Charter Advocate Questions Survey
This article is from the archive of The New York Sun before the launch of its new website in 2022. The Sun has neither altered nor updated such articles but will seek to correct any errors, mis-categorizations or other problems introduced during transfer.

A leading advocate for charter schools, Chester Finn, said a new survey showing the poor performance of charter school students isn’t an accurate reflection of the effectiveness of the schools.
Fourth-grade students attending charter schools are less likely to be proficient in math and reading than fourth-grade students attending regular public schools, according to a recent nationwide survey, the New York Times reported today.

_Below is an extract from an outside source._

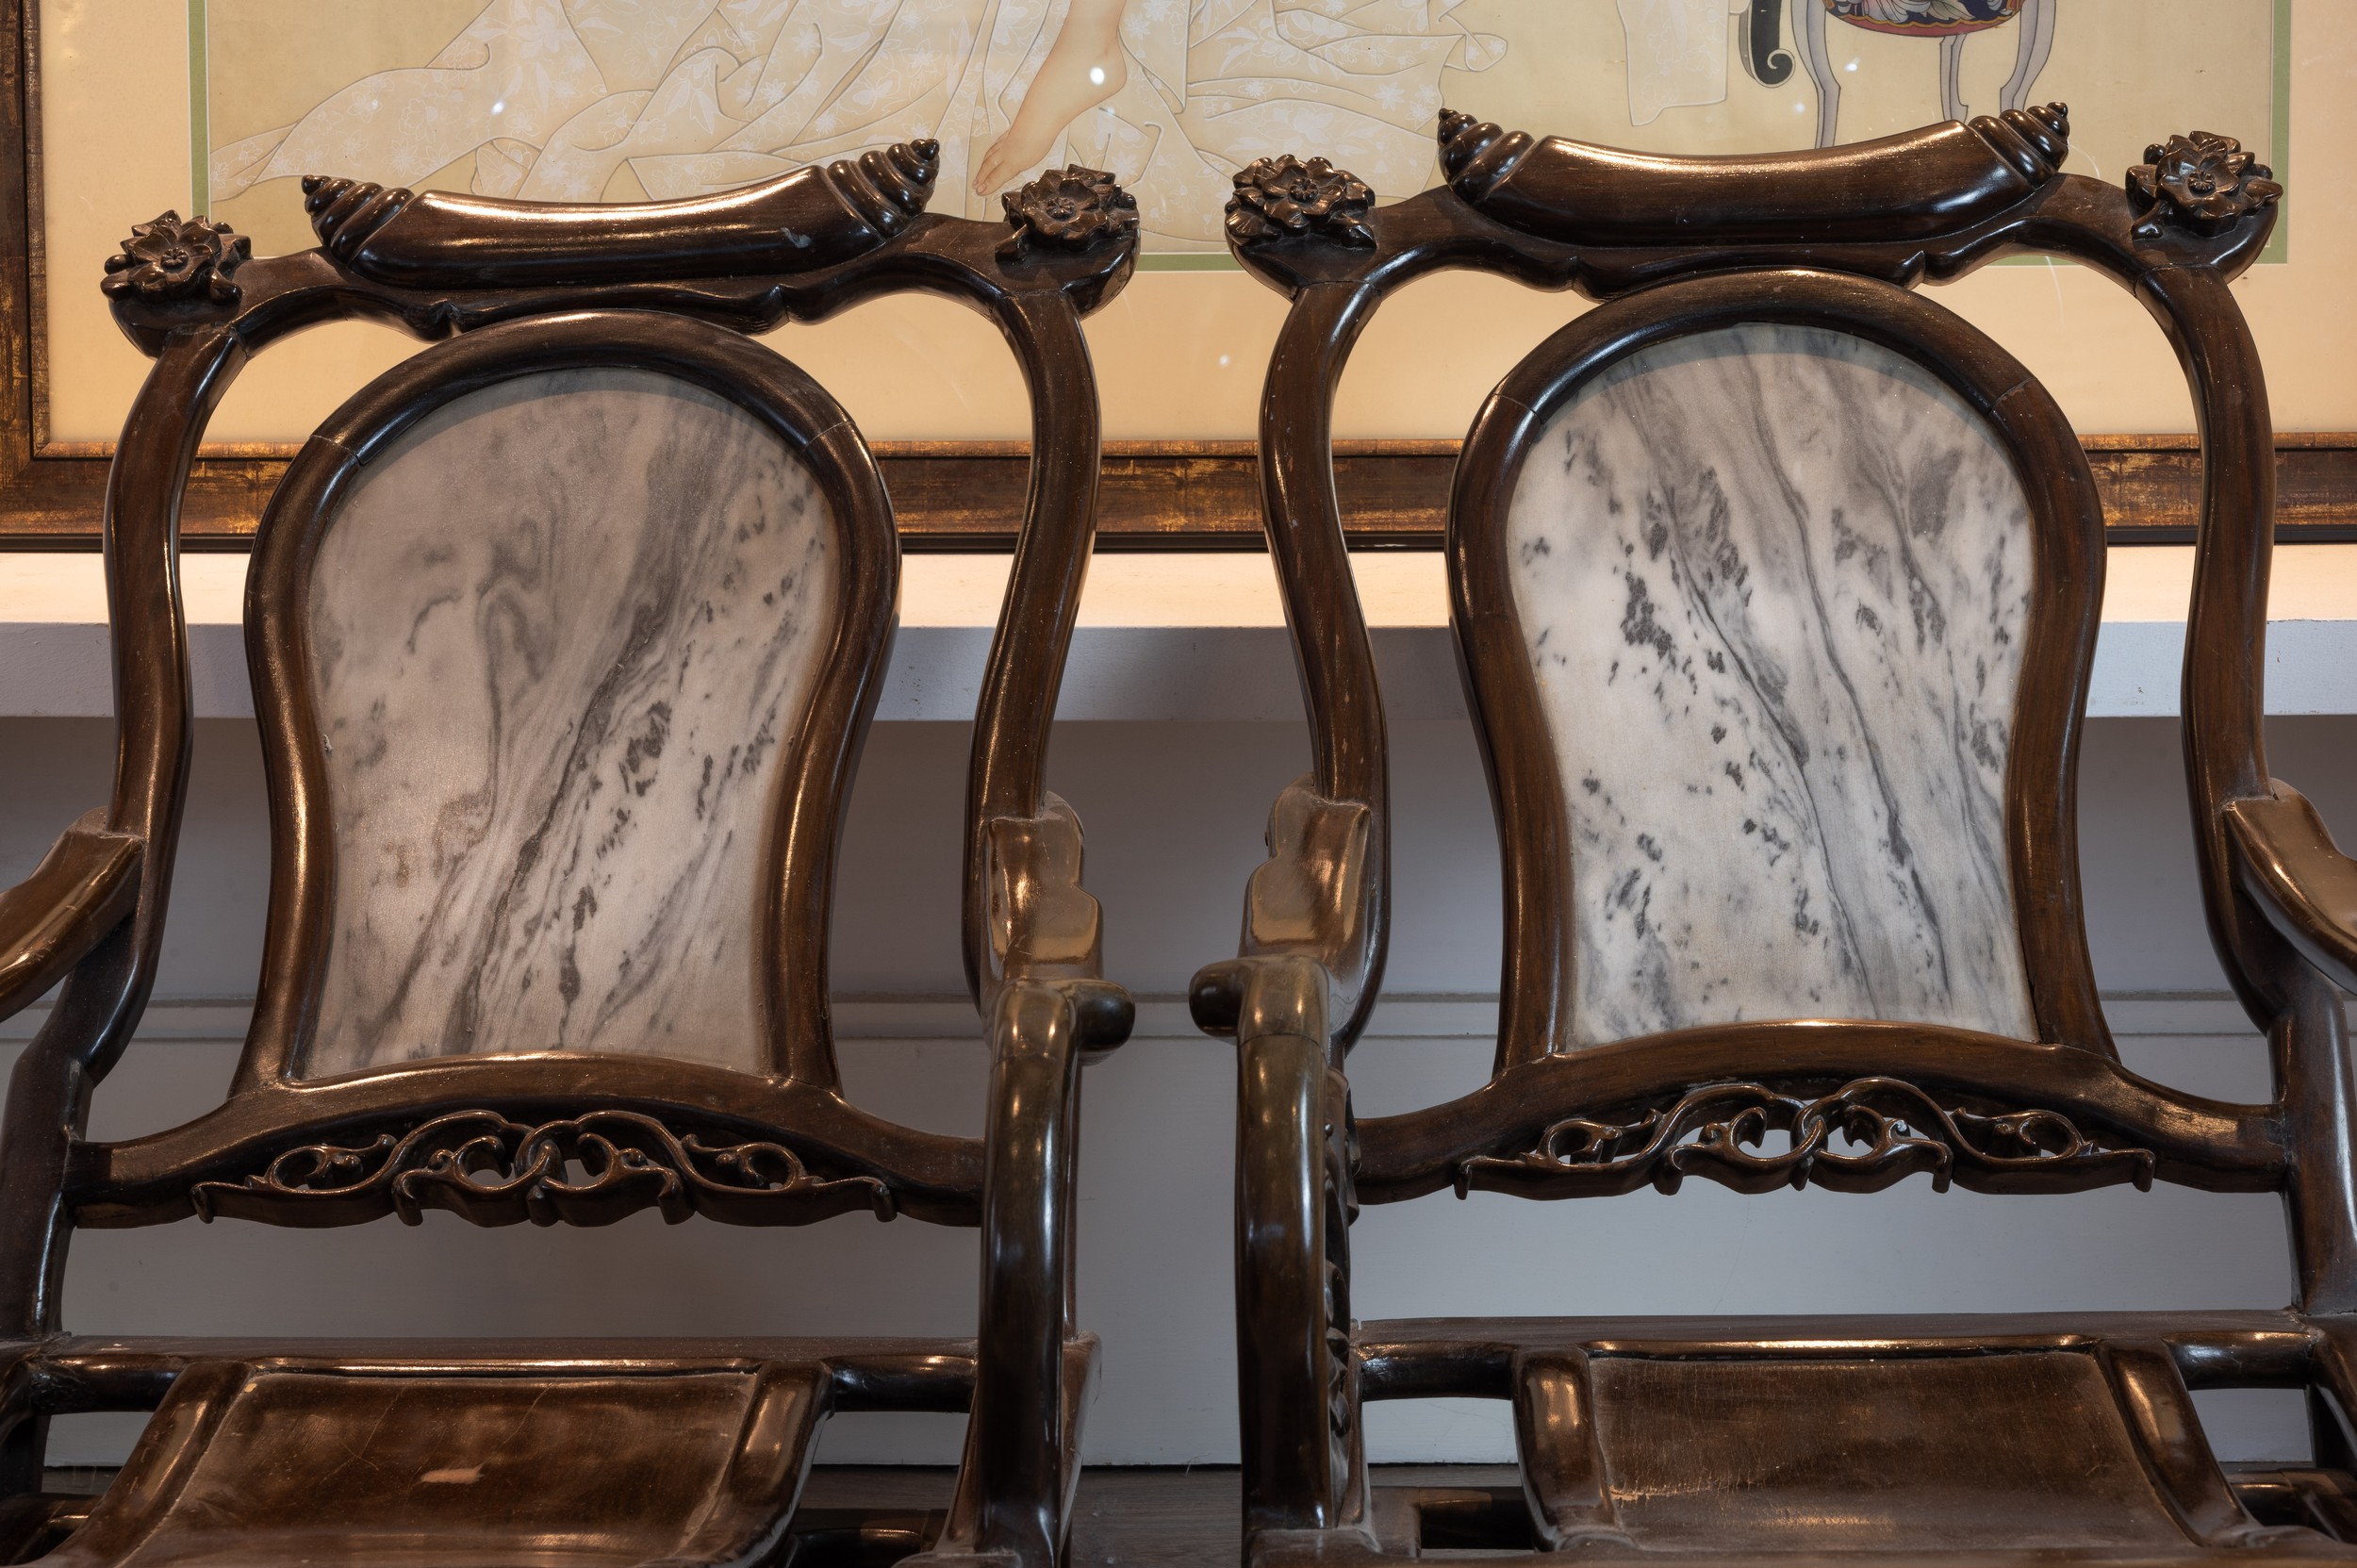 PAIR OF 20TH CENTURY CHINESE HARDWOOD 'MOON GAZING' CHAIRS, With floral carved headrests, Dali - Image 4 of 6

Mr. Finn, president of the Thomas B. Fordham Foundation, told The New York Sun that it is “premature” to judge how well charter schools are educating students because many of the schools are less than 4 years old.
“You don’t judge a person’s life when they are a kid, and you don’t judge a school’s effectiveness when it’s 3 years old,” Mr. Finn said. “Let’s see how they do in 2004, 2005, and 2006.”
Collected by the 2003 National Assessment of Educational Progress, the data shows that fourth-grade charter school students are about half an academic year behind their public school counterparts, according to the Times, which used figures given to it by the American Federation of Teachers, a major critic of the growing charter school movement.
The American Federation of Teachers calculated the figures from unsorted data available online. The U.S. Department of Education did not announce the findings, but the National Center for Education Statistics plans to release its own analysis, according to Mr. Finn.
Charter schools are publicly funded but independently operated, and there are about 3,000 in America and 50 in New York. Supporters argue they break up the monopoly of the public school system and have the advantage of being free from regulations that prevent public schools from hiring the most qualified teachers.
Opponents have argued that charter schools are less likely to succeed than other schools, that they funnel money away from public schools, and that they steal away the best students from other schools.
Mr. Finn said charter schools usually attract students who are struggling in regular public schools. “For obvious reasons, the kids who go to charter schools are more apt to be poor, minority, and urban,” Mr. Finn said. “They are more apt to be fleeing from a bad education somewhere.”